INFORMATION SUPPLIED
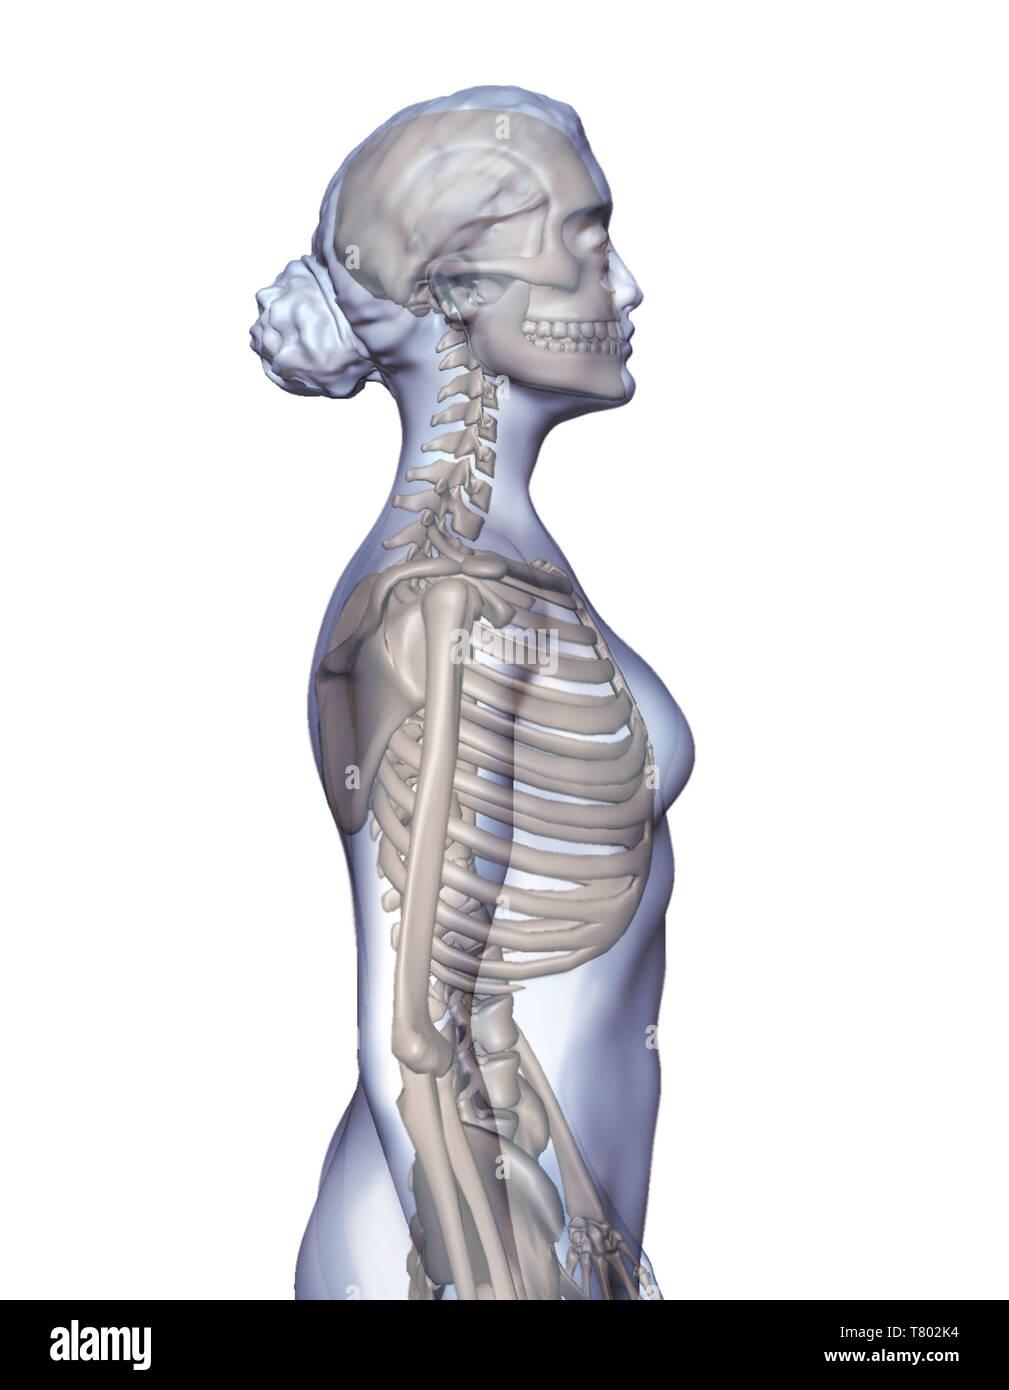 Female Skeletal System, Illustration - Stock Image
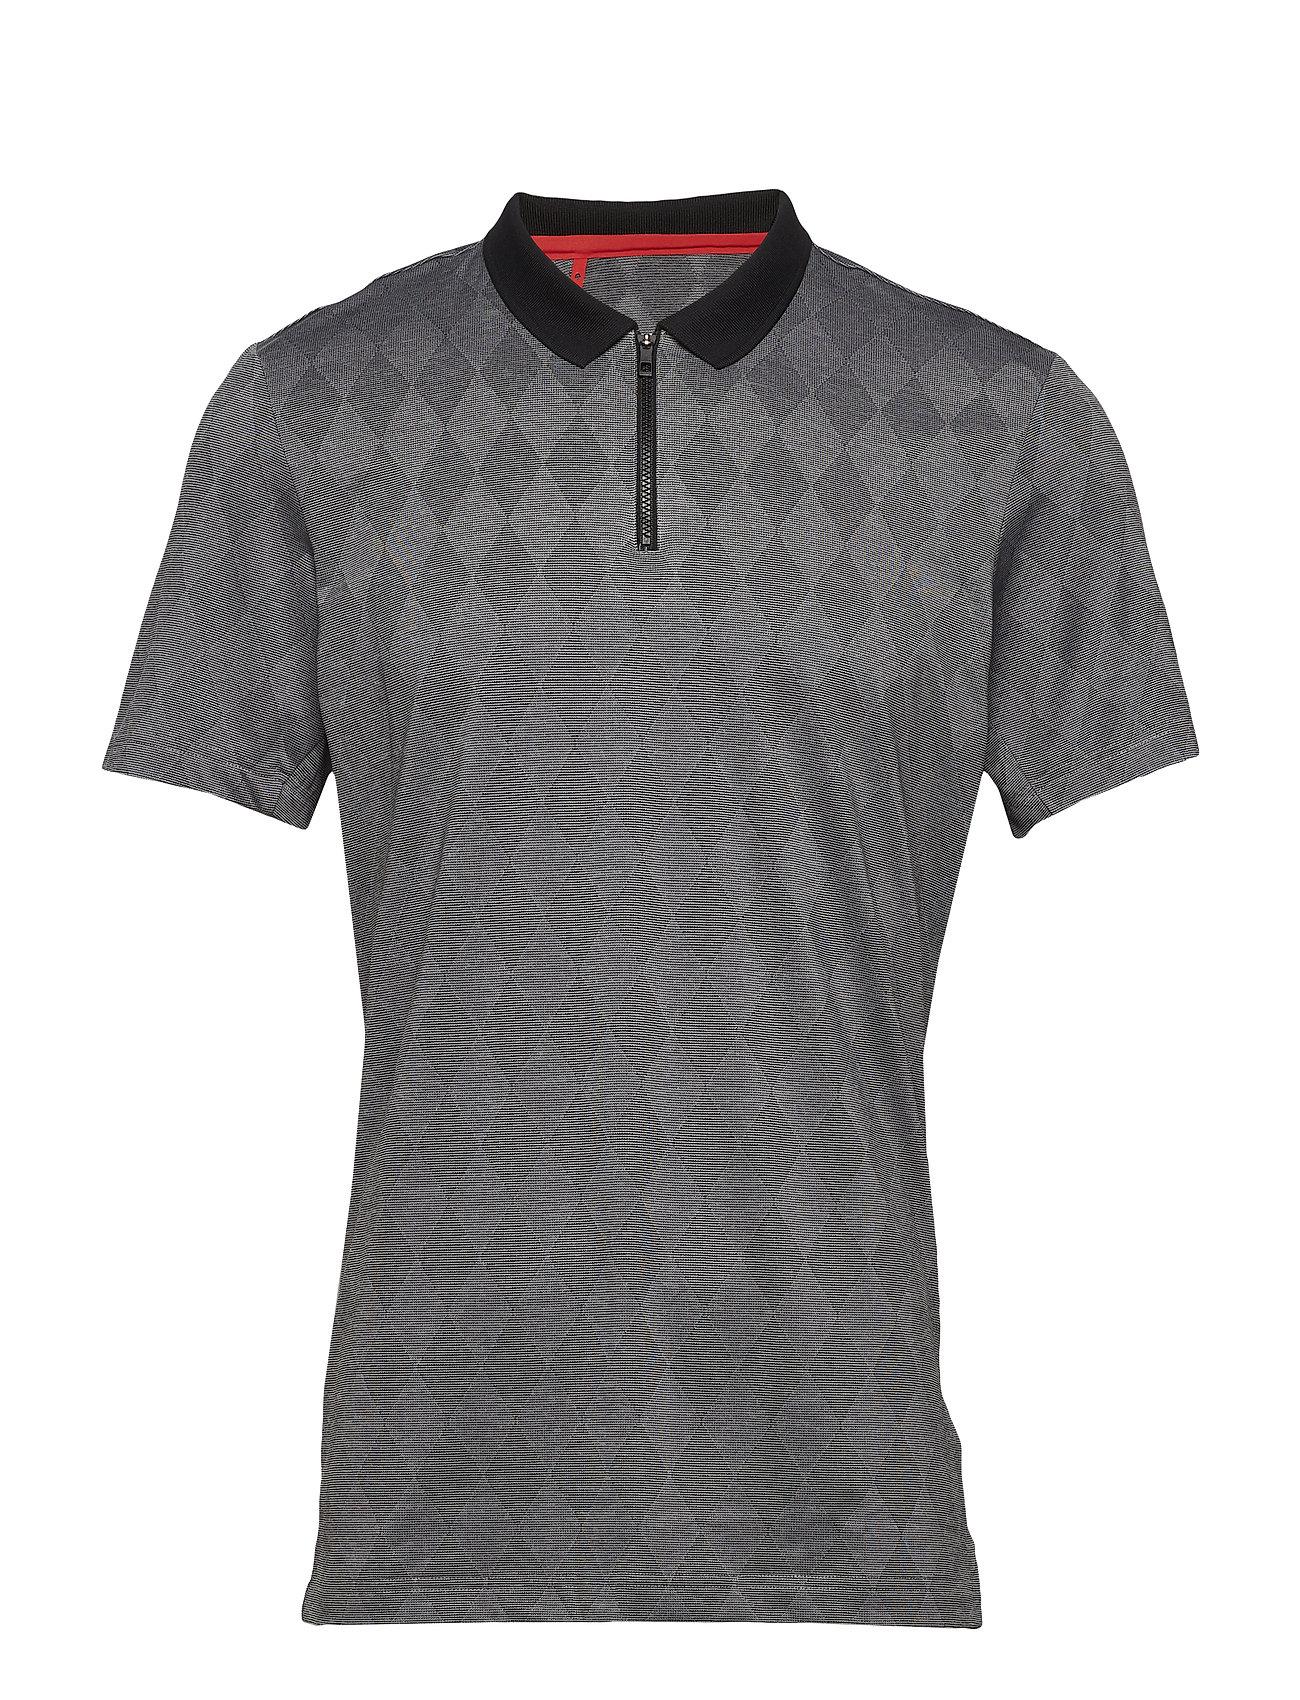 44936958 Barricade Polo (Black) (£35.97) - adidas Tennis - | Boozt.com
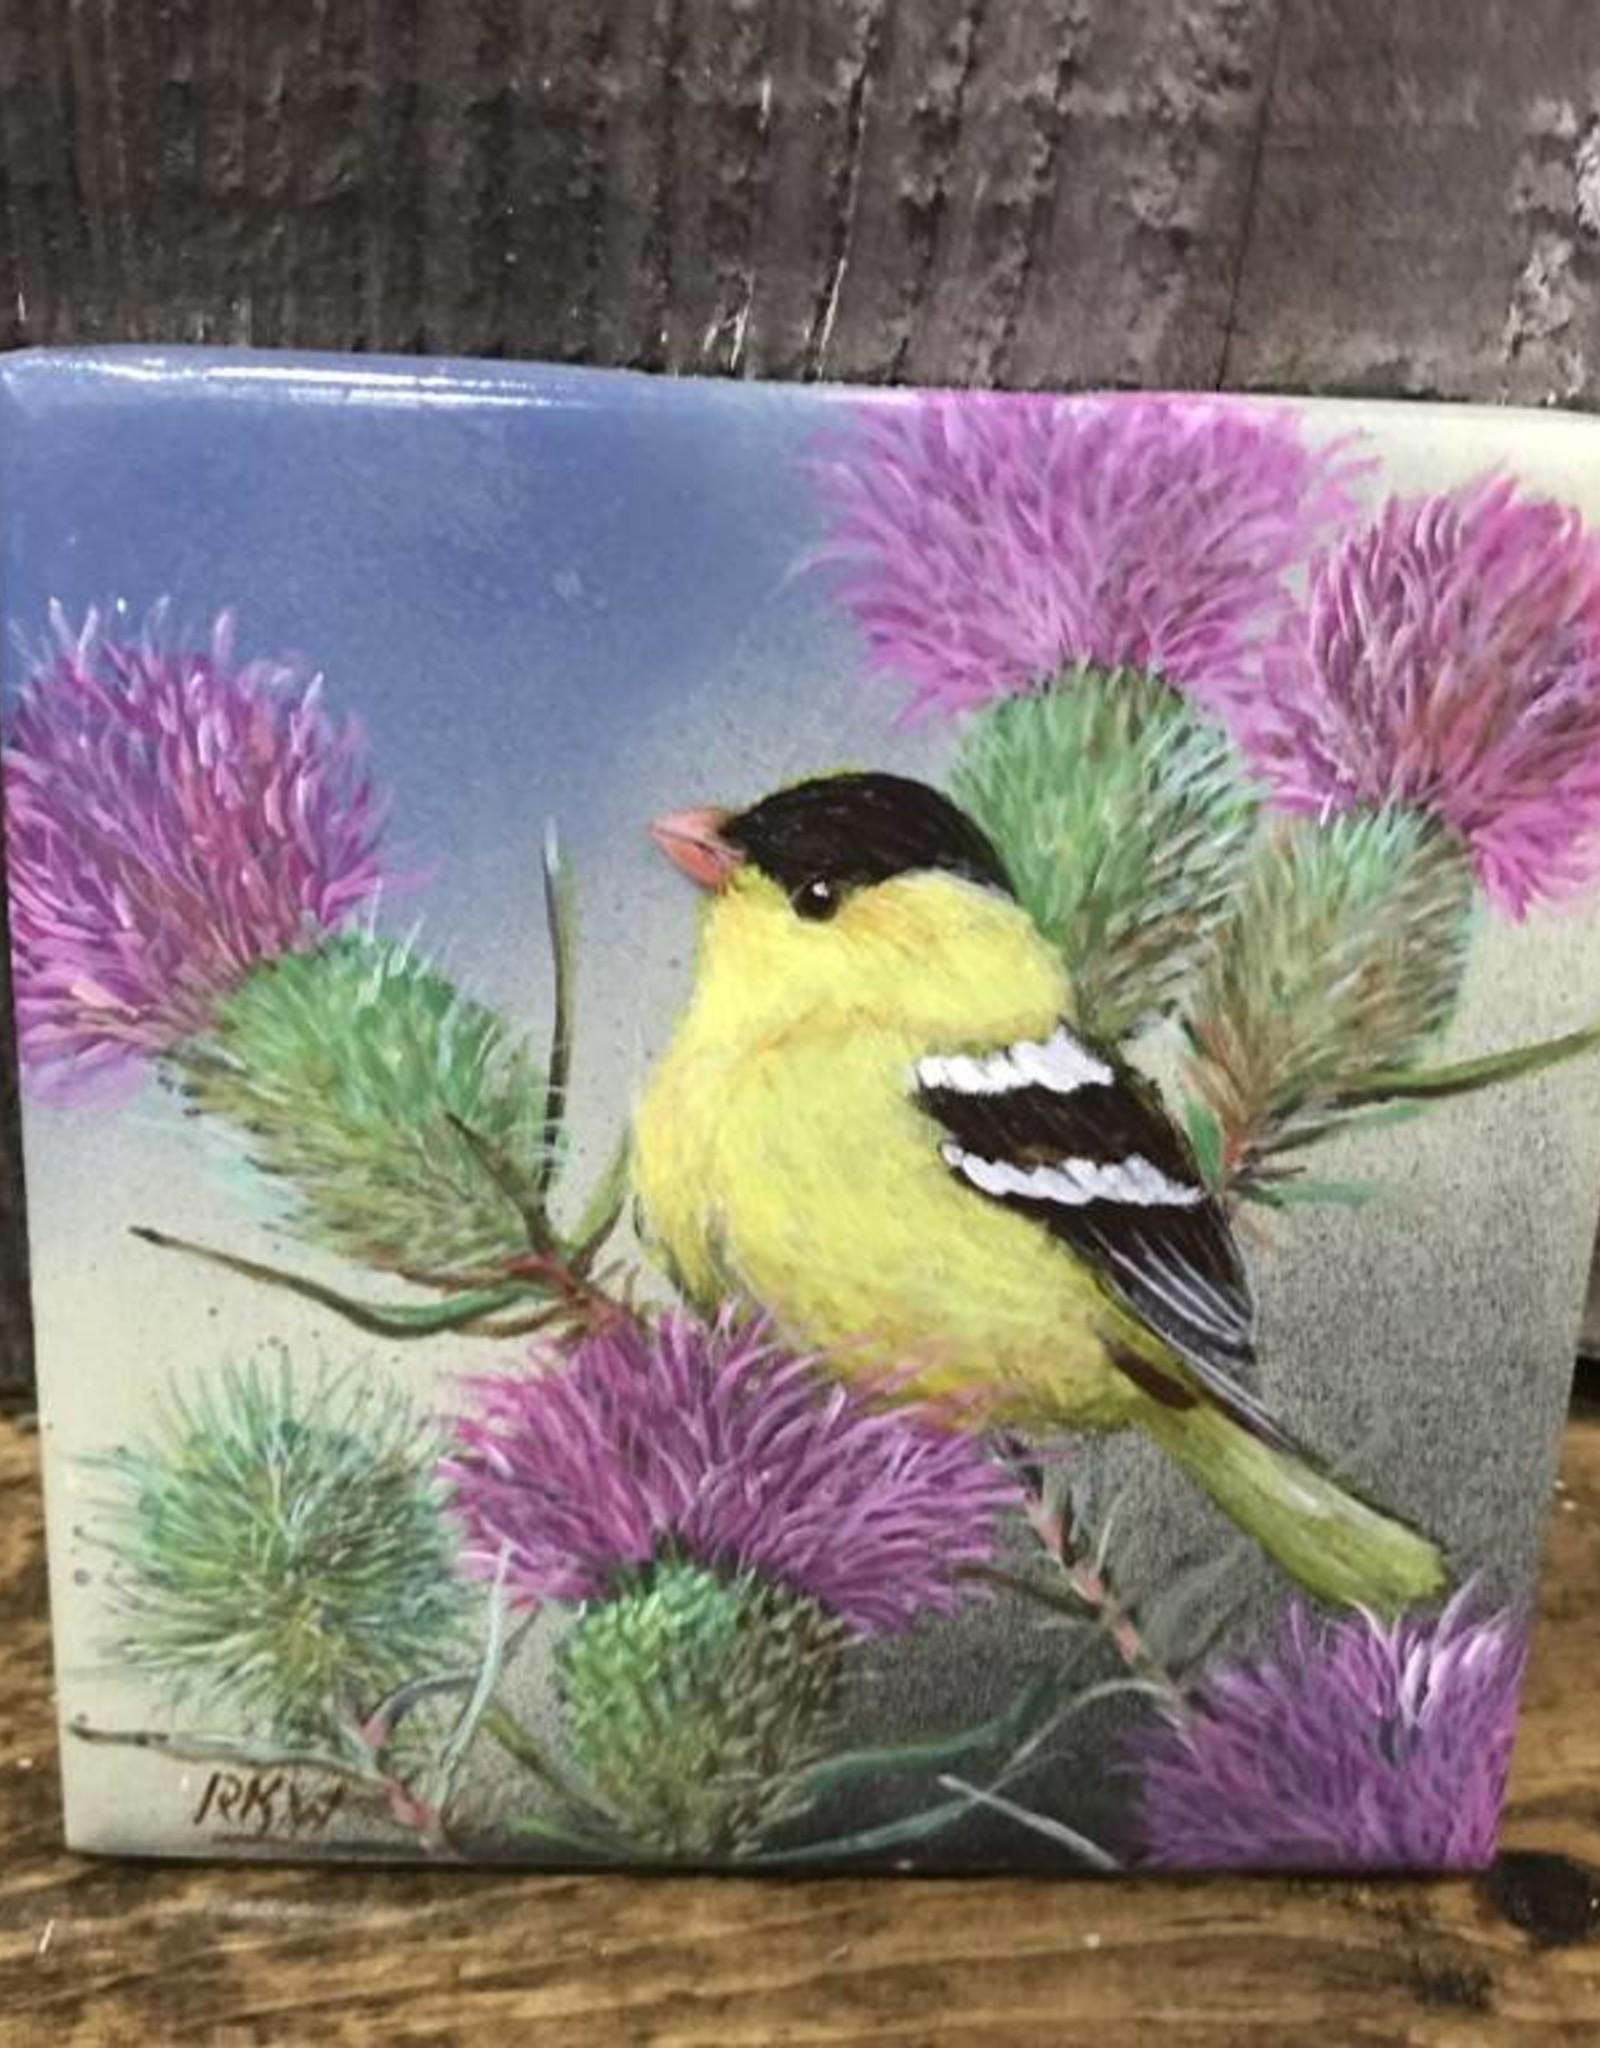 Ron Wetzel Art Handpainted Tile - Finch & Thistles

DIRECTIONS FOR THIS TASK
Hand back the data exactly as it appears, with all pictures cut.

YOUR RESPONSE
 Female Skeletal System, Illustration - Stock Image
 44936958 Barricade Polo (Black) (£35.97) - adidas Tennis - | Boozt.com
 Ron Wetzel Art Handpainted Tile - Finch & Thistles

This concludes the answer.